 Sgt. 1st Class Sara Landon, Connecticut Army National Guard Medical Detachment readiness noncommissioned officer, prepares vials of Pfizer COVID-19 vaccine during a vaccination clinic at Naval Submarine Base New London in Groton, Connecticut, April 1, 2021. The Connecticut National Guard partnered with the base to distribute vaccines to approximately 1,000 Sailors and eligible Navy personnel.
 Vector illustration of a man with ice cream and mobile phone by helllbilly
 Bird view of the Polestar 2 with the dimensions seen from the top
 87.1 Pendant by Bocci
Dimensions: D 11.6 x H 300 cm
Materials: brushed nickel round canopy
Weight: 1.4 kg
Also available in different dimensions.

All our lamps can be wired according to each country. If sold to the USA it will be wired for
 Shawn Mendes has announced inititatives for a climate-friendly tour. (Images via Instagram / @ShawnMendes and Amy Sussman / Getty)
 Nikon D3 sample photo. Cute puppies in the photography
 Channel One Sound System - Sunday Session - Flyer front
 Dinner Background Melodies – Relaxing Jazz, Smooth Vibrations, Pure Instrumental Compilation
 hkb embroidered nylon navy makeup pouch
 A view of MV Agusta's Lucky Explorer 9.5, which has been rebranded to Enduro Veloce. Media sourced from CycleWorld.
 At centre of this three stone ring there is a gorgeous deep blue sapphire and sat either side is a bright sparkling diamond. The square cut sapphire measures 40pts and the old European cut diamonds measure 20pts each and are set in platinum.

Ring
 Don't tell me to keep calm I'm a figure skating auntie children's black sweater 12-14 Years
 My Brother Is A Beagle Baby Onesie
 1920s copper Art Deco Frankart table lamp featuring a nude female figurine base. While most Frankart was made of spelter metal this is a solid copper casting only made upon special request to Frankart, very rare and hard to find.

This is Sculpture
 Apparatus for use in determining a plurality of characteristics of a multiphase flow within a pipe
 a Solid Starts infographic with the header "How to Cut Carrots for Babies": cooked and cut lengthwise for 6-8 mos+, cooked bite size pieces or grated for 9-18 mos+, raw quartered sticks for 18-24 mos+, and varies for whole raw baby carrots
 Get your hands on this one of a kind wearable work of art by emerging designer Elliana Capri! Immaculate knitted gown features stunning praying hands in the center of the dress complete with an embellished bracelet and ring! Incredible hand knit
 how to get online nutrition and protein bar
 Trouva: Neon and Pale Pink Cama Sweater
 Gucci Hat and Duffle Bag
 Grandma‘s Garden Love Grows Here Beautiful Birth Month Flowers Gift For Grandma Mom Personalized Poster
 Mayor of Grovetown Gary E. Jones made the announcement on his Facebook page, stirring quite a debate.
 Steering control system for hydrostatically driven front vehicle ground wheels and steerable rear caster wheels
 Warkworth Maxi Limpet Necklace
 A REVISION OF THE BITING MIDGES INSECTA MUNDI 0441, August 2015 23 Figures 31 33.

○ ○ ○ ○ ○

**Exercise**
Whatever lines appear above, reproduce every one of them exactly.

**Written response**
 Sgt. 1st Class Sara Landon, Connecticut Army National Guard Medical Detachment readiness noncommissioned officer, prepares vials of Pfizer COVID-19 vaccine during a vaccination clinic at Naval Submarine Base New London in Groton, Connecticut, April 1, 2021. The Connecticut National Guard partnered with the base to distribute vaccines to approximately 1,000 Sailors and eligible Navy personnel.
 Vector illustration of a man with ice cream and mobile phone by helllbilly
 Bird view of the Polestar 2 with the dimensions seen from the top
 87.1 Pendant by Bocci
Dimensions: D 11.6 x H 300 cm
Materials: brushed nickel round canopy
Weight: 1.4 kg
Also available in different dimensions.

All our lamps can be wired according to each country. If sold to the USA it will be wired for
 Shawn Mendes has announced inititatives for a climate-friendly tour. (Images via Instagram / @ShawnMendes and Amy Sussman / Getty)
 Nikon D3 sample photo. Cute puppies in the photography
 Channel One Sound System - Sunday Session - Flyer front
 Dinner Background Melodies – Relaxing Jazz, Smooth Vibrations, Pure Instrumental Compilation
 hkb embroidered nylon navy makeup pouch
 A view of MV Agusta's Lucky Explorer 9.5, which has been rebranded to Enduro Veloce. Media sourced from CycleWorld.
 At centre of this three stone ring there is a gorgeous deep blue sapphire and sat either side is a bright sparkling diamond. The square cut sapphire measures 40pts and the old European cut diamonds measure 20pts each and are set in platinum.

Ring
 Don't tell me to keep calm I'm a figure skating auntie children's black sweater 12-14 Years
 My Brother Is A Beagle Baby Onesie
 1920s copper Art Deco Frankart table lamp featuring a nude female figurine base. While most Frankart was made of spelter metal this is a solid copper casting only made upon special request to Frankart, very rare and hard to find.

This is Sculpture
 Apparatus for use in determining a plurality of characteristics of a multiphase flow within a pipe
 a Solid Starts infographic with the header "How to Cut Carrots for Babies": cooked and cut lengthwise for 6-8 mos+, cooked bite size pieces or grated for 9-18 mos+, raw quartered sticks for 18-24 mos+, and varies for whole raw baby carrots
 Get your hands on this one of a kind wearable work of art by emerging designer Elliana Capri! Immaculate knitted gown features stunning praying hands in the center of the dress complete with an embellished bracelet and ring! Incredible hand knit
 how to get online nutrition and protein bar
 Trouva: Neon and Pale Pink Cama Sweater
 Gucci Hat and Duffle Bag
 Grandma‘s Garden Love Grows Here Beautiful Birth Month Flowers Gift For Grandma Mom Personalized Poster
 Mayor of Grovetown Gary E. Jones made the announcement on his Facebook page, stirring quite a debate.
 Steering control system for hydrostatically driven front vehicle ground wheels and steerable rear caster wheels
 Warkworth Maxi Limpet Necklace
 A REVISION OF THE BITING MIDGES INSECTA MUNDI 0441, August 2015 23 Figures 31 33.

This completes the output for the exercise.